▶ **Work task**
Take the data below and extract the lines from the one with "NV_OnlineLearning_Horizontal.Logo-01.jpg" to the one with "Microwave Mug Cake", inclusive, exactly as written.

▶ **Provided information**

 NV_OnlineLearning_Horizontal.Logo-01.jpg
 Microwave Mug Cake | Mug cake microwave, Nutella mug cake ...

--

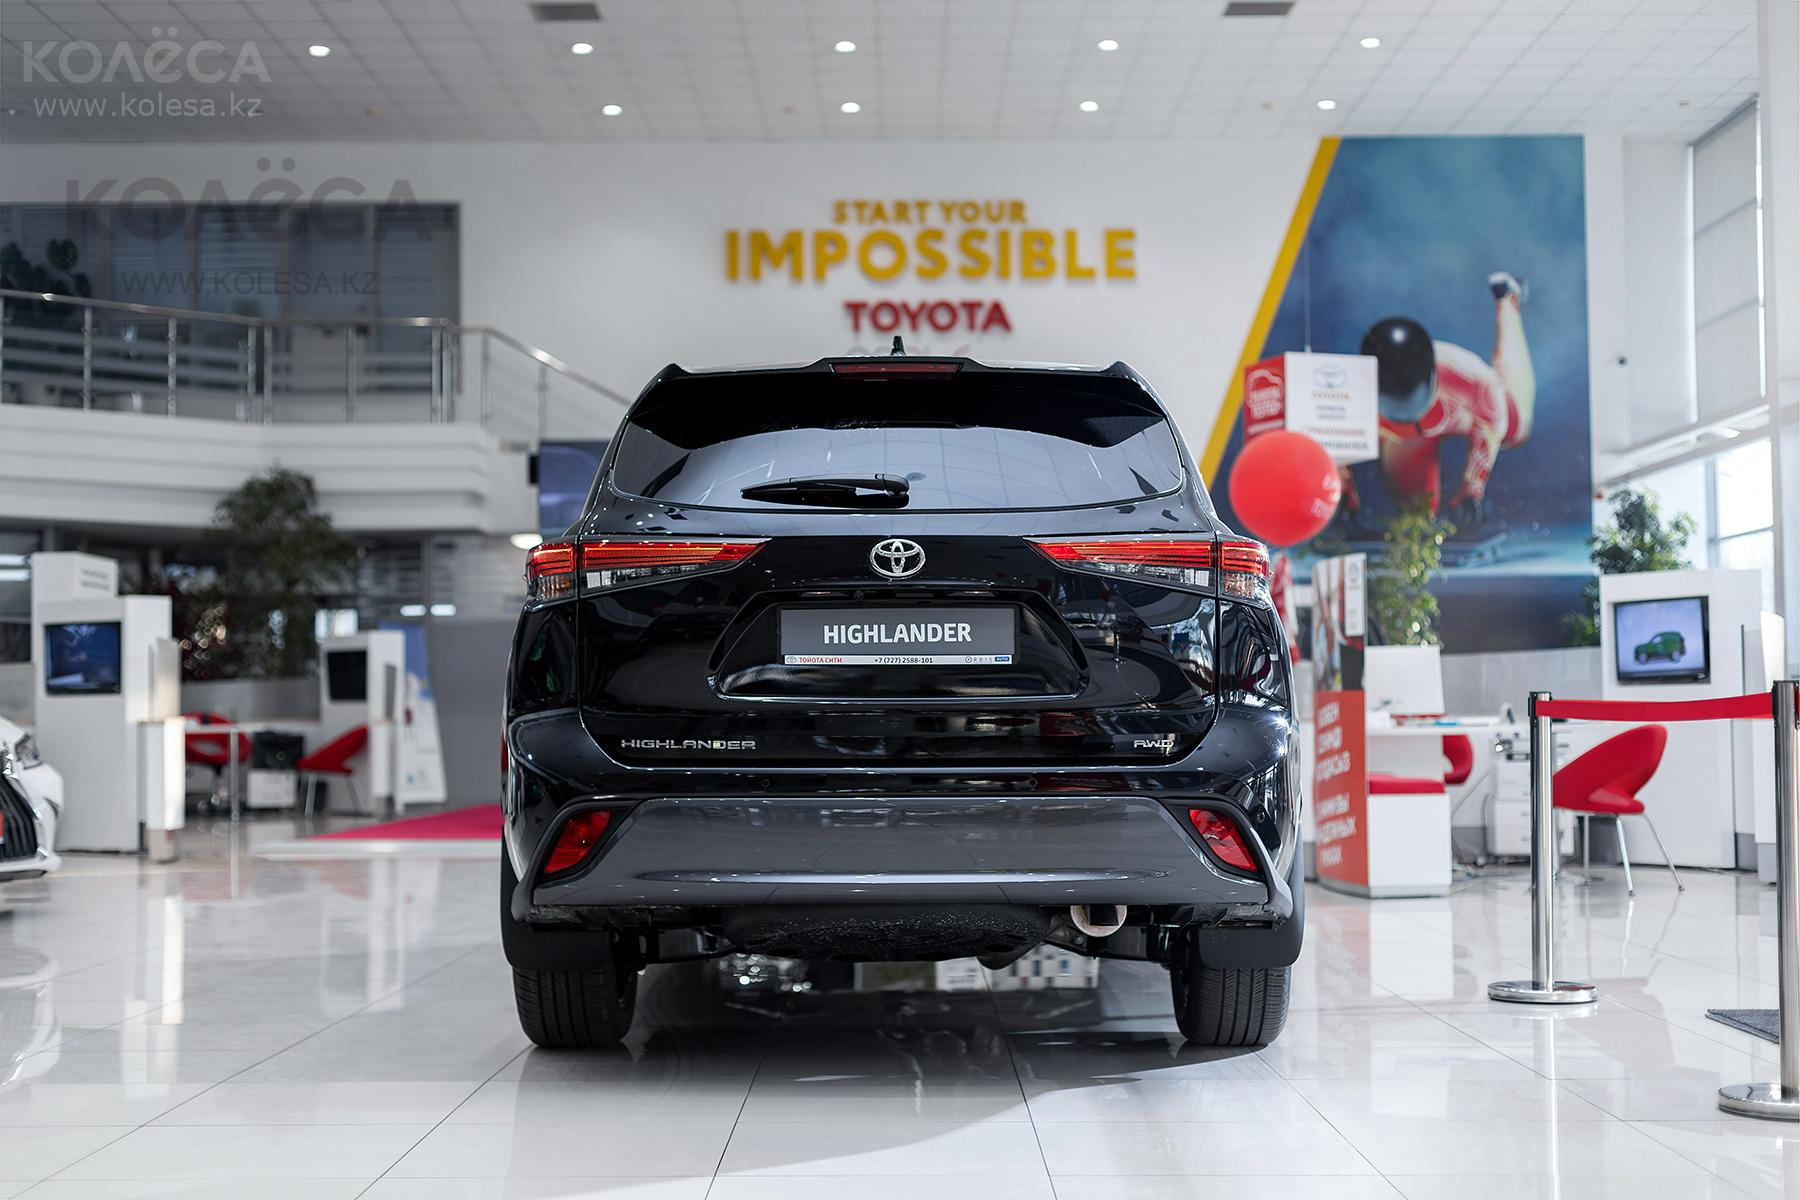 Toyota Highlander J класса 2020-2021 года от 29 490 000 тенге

▶ **Answer box**
 NV_OnlineLearning_Horizontal.Logo-01.jpg
 Microwave Mug Cake | Mug cake microwave, Nutella mug cake ...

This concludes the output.